John Welsh, Senior Manager at Pall Biotech, on why the biopharma industry must develop its own technology, the challenges to overcome, and efforts underway to offer seamless continuous bioproduction throughout a process
Biopharmaceuticals represent a fundamental and growing component of the worldwide pharmaceutical market; the sector recorded global sales of $228 billion in 2016.1 This landscape will only become more challenging as cost pressures from healthcare systems increase and new competitors emerge; the battle for market share is on.
As a result, the biopharmaceutical industry is undergoing a paradigm shift from traditional batch processing to more advanced approaches such as continuous manufacturing.
It’s a move that regulators are on board with. When coupled with advanced automation, the small, fully enclosed processes — enabled by continuous methods — can increase productivity and reduce manual intervention, allowing companies to decrease inconsistencies that are introduced through human error. This benefit reduces waste, improves both yield and product quality, and increases profitability.
In a continuous process, there are upstream and downstream stages of production. The upstream process (USP) includes the bioprocessing phase in which biopharmaceuticals are generated and includes the initial harvest step(s) to give a clarified supernatant.
The downstream (DSP) is the phase that extracts or separates the desired products from the host and product-related impurities created during the USP. However, improvements in USP efficiency can have negative implications on the DSP, both in terms of processability and the higher titres afforded by upstream efficiencies causing downstream bottlenecks and facility fit issues.
Improvements in USP efficiency can have negative implications on the DSP, both in terms of processability and the higher titres afforded by upstream efficiencies causing downstream bottlenecks and facility fit issues
Downstream processes are also hindered by significant equipment changeover times between unit operations and equipment segregation for specific products or classes of biologic. This means that the downstream process for a biologic, including viral vectors, can take many days.
At Pall, our innovation and R&D has been heavily focused on evolving downstream processing from a stepwise batch operation to advanced manufacturing processes, such as continuous and single-use. Unlike single-use, continuous processes have to date not been widely adopted by industry.
Having successfully completed the development and implementation of downstream continuous processing at the bench, Pall is now focused on scaling this up for full-scale production. In partnership with Allergan, AstraZeneca, FujiFilm Diosynth, GSK, SCIEX and CPI, Pall is also working to address the technology gaps that are preventing widespread adoption.
There are many analytical and automated technologies available … but there aren’t many that are specifically designed for the biopharma industry. Although several “off-the-shelf” continuous unit operations are available, these are not integrated into one complete solution and do not offer data to help companies fully assess the technical risks.2
The biopharma industry must develop its own technology. Pall Corporation, CPI, SCIEX and four other technology providers and biopharmaceutical companies with an interest in continuous manufacturing formed a consortium, funded by Innovate UK, to focus on three main deliverables.
The first is to develop a flexible automated biologics downstream purification platform consisting of multiple unit operations that can be rapidly reconfigured to manufacture different products.

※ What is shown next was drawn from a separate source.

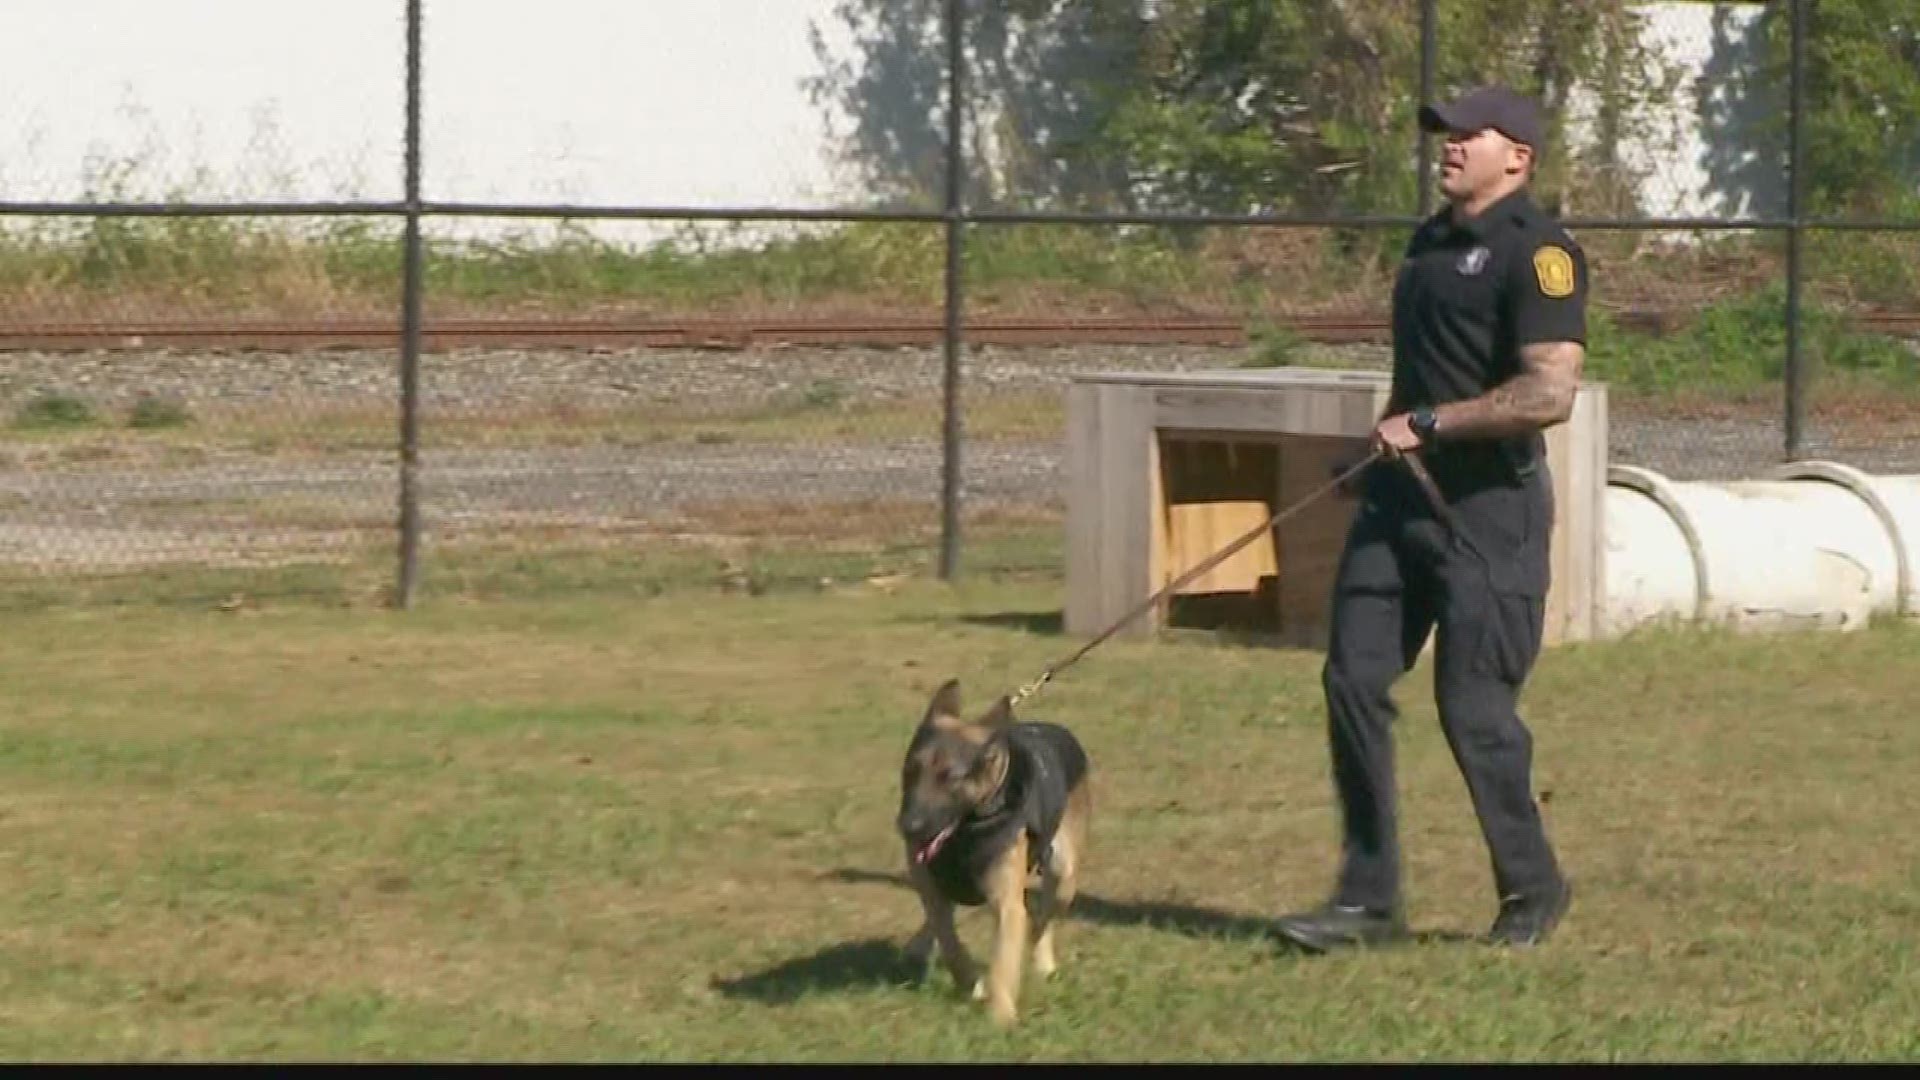 The Breeden Company has pledged $20,000 to purchase vests for Portsmouth Police's K-9s.

The platform will be used to develop continuous DSPs for several biopharmaceuticals (including both monoclonal antibodies and an antibody fragment), increase efficiency and reduce the processing time to 25% of current run times, as well as significantly reduce capital, operation and material costs.
The system will need to connect unit operations of different types (including custom and legacy systems, as well as work with both batch and continuous unit operations), integrate with existing control software, automate system setup and shutdown, and lay the foundation for real-time release systems.
Development has also involved overcoming certain challenges, such as working across a variety of hardware and software interfaces and designing a flexible control system that can handle various processes (although the details will be unknown during the design phase and a multidisciplinary team will be needed to define the solution).
The consortium has developed an automated, integrated system that is being used to explore the practical challenges of converting established batch processes to continuous ones
The second goal will be to adapt up to three established batch processes to run on the continuous system while evaluating process performance and product quality. Lastly, the system will need to demonstrate one of the transferred processes at a clinically relevant scale.
To date, the consortium has developed an automated, integrated system that is being used to explore the practical challenges of converting established batch processes to continuous ones and represents a solid prototype on which to develop a preliminary commercial solution.
There are clear benefits to a continuous approach, yet there are still challenges to overcome and efforts required to offer seamless continuous bioproduction throughout a process. Although the efforts of companies such as Pall and CPI will help to make the transition to a fully integrated end-to-end continuous process possible, they represent only one of many solutions required to overcome current hurdles.
We are in a critical moment in time. Biopharmaceuticals are now offering multiple therapies and treatment options for previously untreatable conditions, bringing hope to patients worldwide.
But, to overcome the challenges ahead, a concerted effort will be required from all parts of the industry. If we fail to mobilise and act, we will miss the opportunity to better serve patients and realise the full potential of biopharmaceuticals.